SEQanswers

Go Back   SEQanswers > Applications Forums > RNA Sequencing



Similar Threads
Thread Thread Starter Forum Replies Last Post
ORF prediction in assembled NGS metagenomic/metatranscriptomic data someperson Bioinformatics 5 07-03-2013 08:22 AM
Species abundance and rarefaction in metagenomics data OliverDeusch Metagenomics 1 12-13-2012 08:17 AM
Metatranscriptomic data(paired-end,Illumina)mapping? jojohan Illumina/Solexa 2 09-04-2012 05:59 PM
Mapping sRNAs using Bowtie - Raw abundance vs norm abundance atulkakrana RNA Sequencing 0 06-02-2012 11:40 AM

Reply
 
Thread Tools
Old 05-06-2014, 08:24 PM   #1
lbragg
Member
 
Location: Brisbane

Join Date: Sep 2009
Posts: 14
Default Accounting for species abundance changes in metatranscriptomic data

In metatranscriptomic data, transcript abundance in a sample is influenced by species abundance as well as expression changes.
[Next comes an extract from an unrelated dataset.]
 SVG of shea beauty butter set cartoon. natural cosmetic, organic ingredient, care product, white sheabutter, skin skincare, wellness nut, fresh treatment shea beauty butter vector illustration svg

For anyone working with this data, how do you deal with the fact that species abundance fluctuation can lead to spurious DE calls? I am using DESeq2, and was wondering whether abundance of a 'housekeeping' gene can be (or has been) used to adjust for species abundance differences between samples.

Cheers,

Lauren
lbragg is offline   Reply With Quote
Old 05-11-2014, 05:12 PM   #2
Michael Love
Senior Member
 
Location: Boston

Join Date: Jul 2013
Posts: 333
Default

You could consider performing analysis at the different scales you are interested in.

Let's say we have a reference sample which has counts of 8 for all rows. (In DESeq, such a reference sample is constructed by taking the geometric mean of all samples).
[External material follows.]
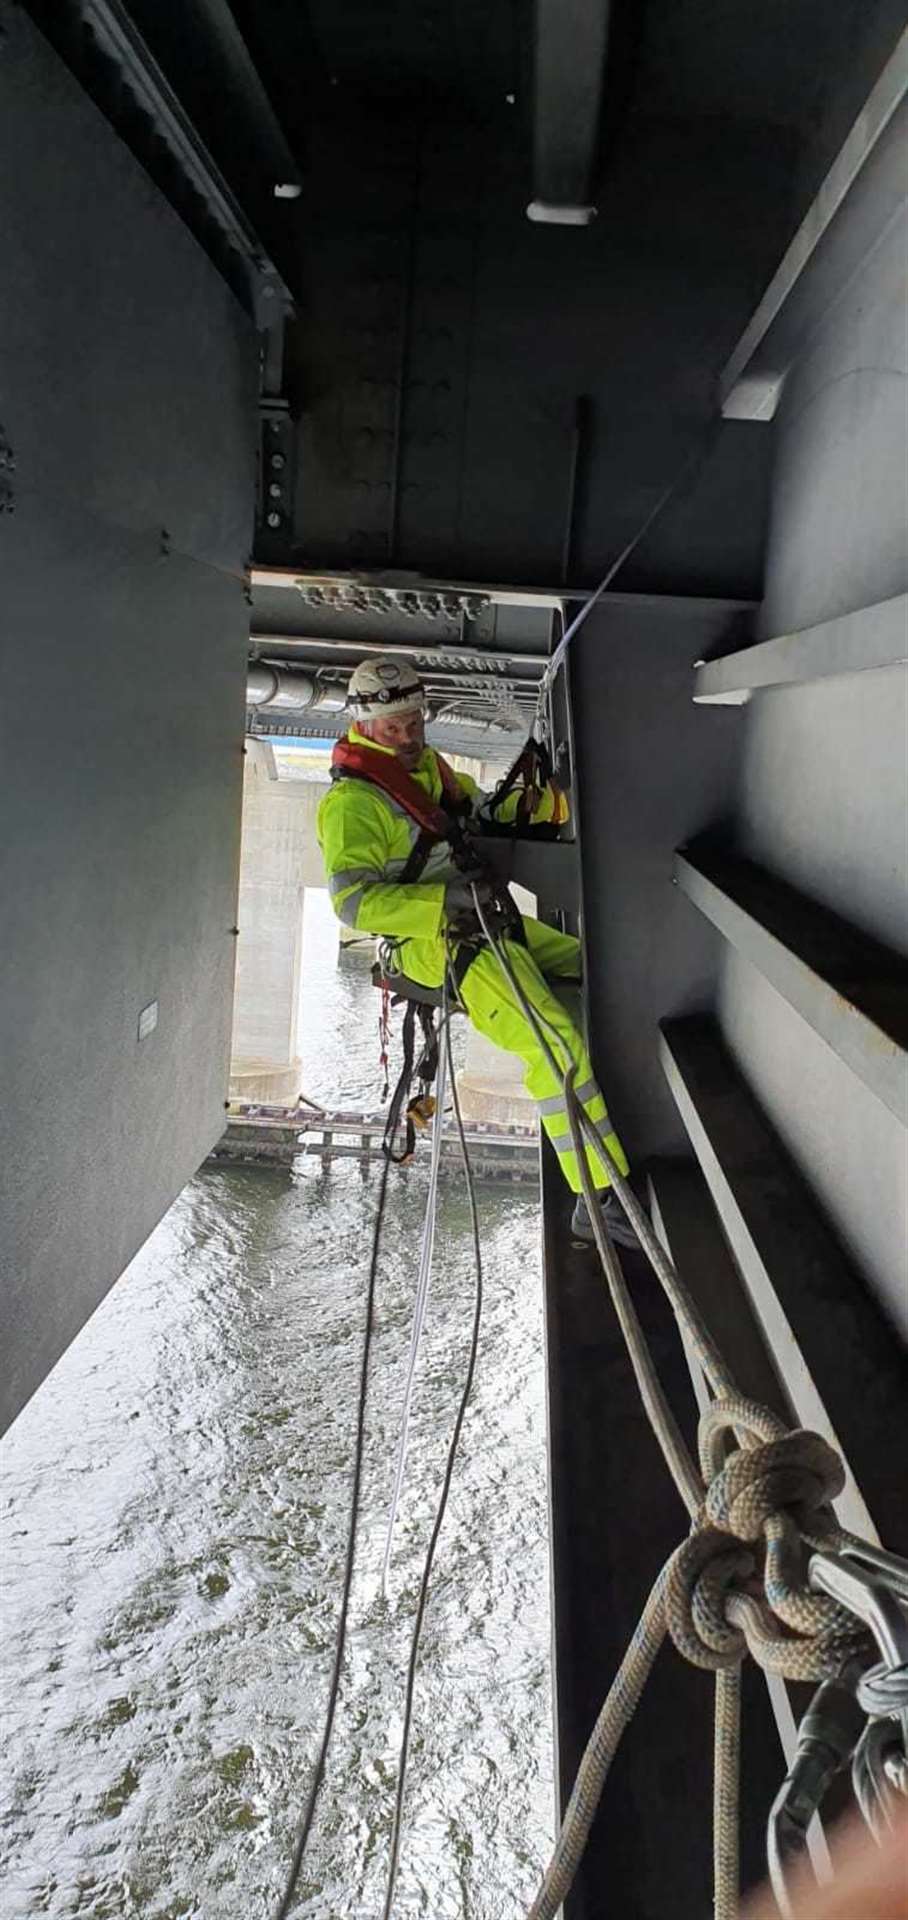 One of the specialists at work for Scottish Water under Kessock Bridge.

Then we have sample X which has counts:

species A gene 1: 8
species A gene 2: 8
...
species A gene 100: 8
species B gene 1: 4
species B gene 2: 4
...
species B gene 19: 4
species B gene 20: 2

If you use the median ratio method for estimating size factors over all 120 rows, the size factor for sample X would be 1. The genes 1-19 for species B will get log2 fold change of -1 and the gene 20 for species B will get log2 fold change of -2.

However, if you subset to the species B rows, sample X would get a size factor of 0.5 from the median ratio method. Then all genes except gene 20 will get a log2 fold change of 0, while gene 20 will have a log2 fold change of -1.
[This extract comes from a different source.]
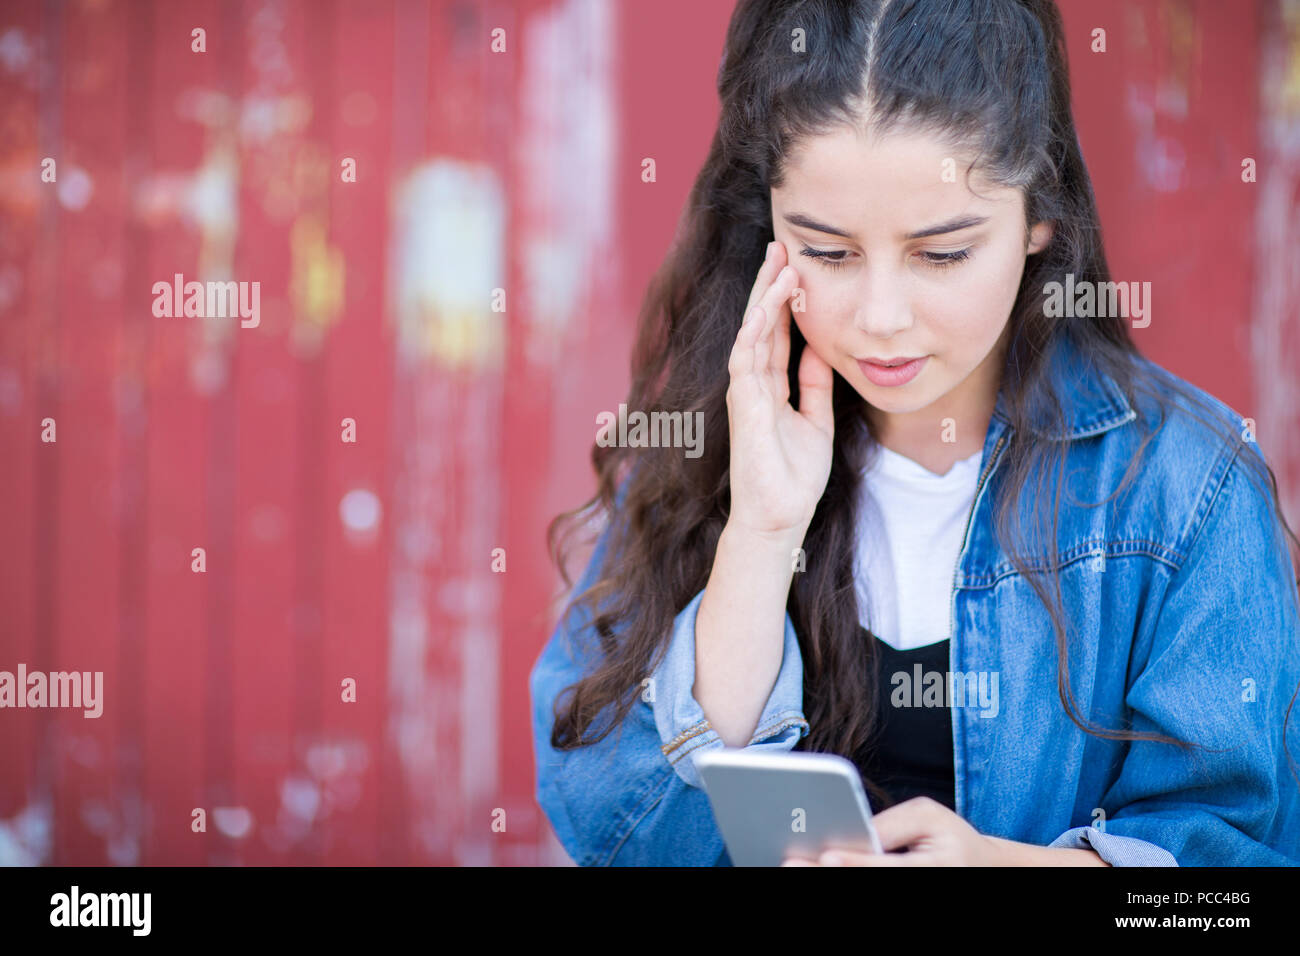 Teenage Girl Victim Of Bullying By Text Message Outdoors Stock Photo

If you want to create a matrix of size factors for every row and every sample (called normalization factors in DESeq2), you could use the estimateSizeFactorsForMatrix function, and applying it to different sets of rows.

Last edited by Michael Love; 05-12-2014 at 02:53 AM.
Michael Love is offline   Reply With Quote
Old 05-11-2014, 08:34 PM   #3
Brian Bushnell
Super Moderator
 
Location: Walnut Creek, CA

Join Date: Jan 2014
Posts: 2,707
Default

It's not clear to me why you would want to account for species abundance changes. What's important is the amount of RNA in the sample dedicated to some purpose. Does it matter whether the level of some transcript is higher because species with that gene reproduced more, versus species remaining unchanged but generating more of that transcript per cell? Either way, it become more expressed in the community.
Brian Bushnell is offline   Reply With Quote
Old 05-11-2014, 08:36 PM   #4
lbragg
Member
 
Location: Brisbane

Join Date: Sep 2009
Posts: 14
Default

So is this the same as analysing each organism individually?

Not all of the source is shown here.